Whatever standard you choose will include detailed requirements for formatting and layout for the first page (and a cover page if needed) and the rest of your essay, use of footnotes or endnotes, guidelines to abbreviations, short and long quotations borrowed from secondary sources, and more.
Here are some helpful guides:
MLA Formatting and Style Guide
MLA Documentation Guide
APA Formatting and Style Guide
APA Documentation Guide
Chicago Manual of Style 16th Edition
Chicago/Turabian Documentation Style
There are about sixty different types of sources, from the Bible up to e-mail, and citations for each one of them must be formatted according to strict rules which are hard to memorize.
Fortunately, we are living in the age of the Internet where you can easily find a number of excellent free online bibliography and citation tools like BibMe, Citation Machine or EasyBib and we warmly recommend using them to save time and make sure to avoid mistakes.
6. Finalize Your Work
This last step is important to make sure your work is as strong as you want it to be and help you get the best possible grade.This step consists of proofreading your essay to make sure everything is correct--no spelling mistakes or grammar errors. You’ll be amazed how much this improves your essay quality, as you’re able to correct common mistakes such as mixing up your/you’re, their/there, or other common errors.
Read and reread your essay to make sure that there are no vague or incomplete phrases in it.

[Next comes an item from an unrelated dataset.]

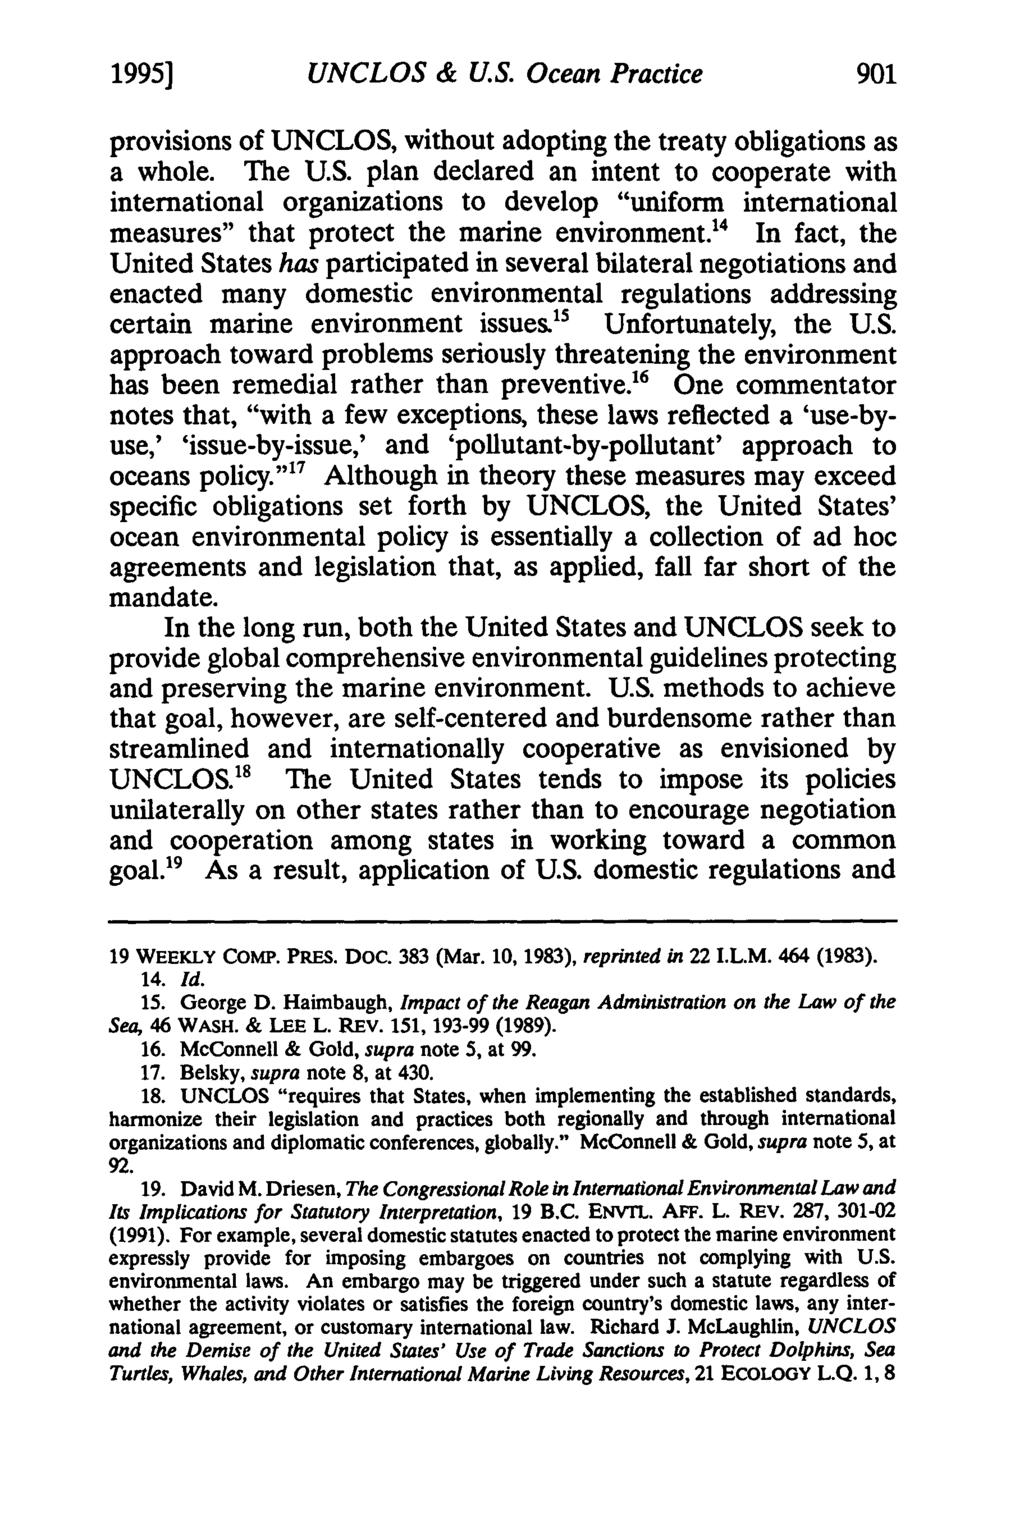 1995] UNCLOS & U.S. Ocean Practice provisions of UNCLOS, without adopting the treaty obligations as a whole. The U.S. plan declared an intent to cooperate with international organizations to develop "uniform international measures" that protect the marine environment.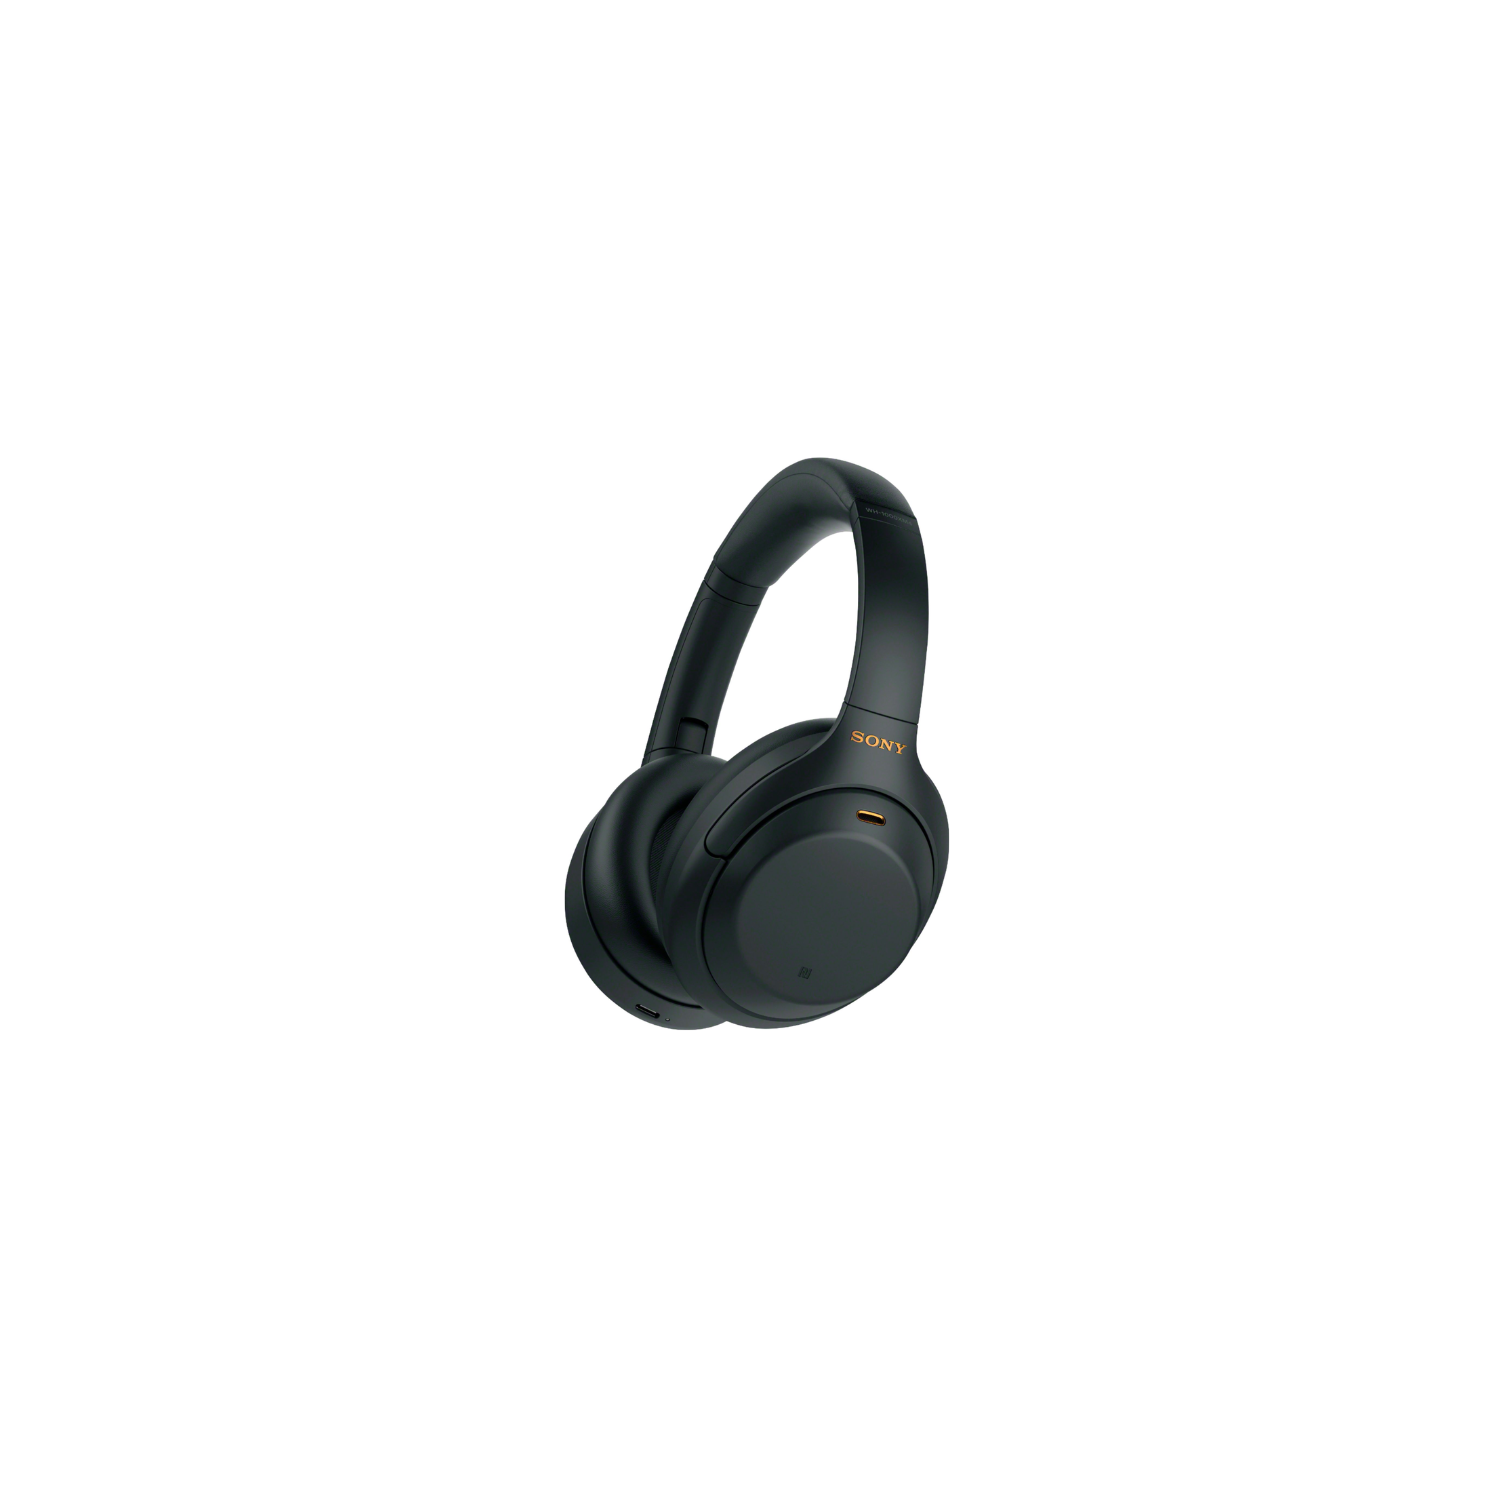 Sony WH-1000XM4 Wireless Industry Leading Noise Canceling

Use a spell checker, too. You wouldn’t want to work hard on your essay only to lose points on a grammar or spelling mistake!
If all the above recommendations seem you to be too simple, remember: lots of students get significantly reduced grades because they didn’t take the time to properly check their work after writing their essays and before submitting them.
Now you are ready to submit your work and get your well-deserved high grade!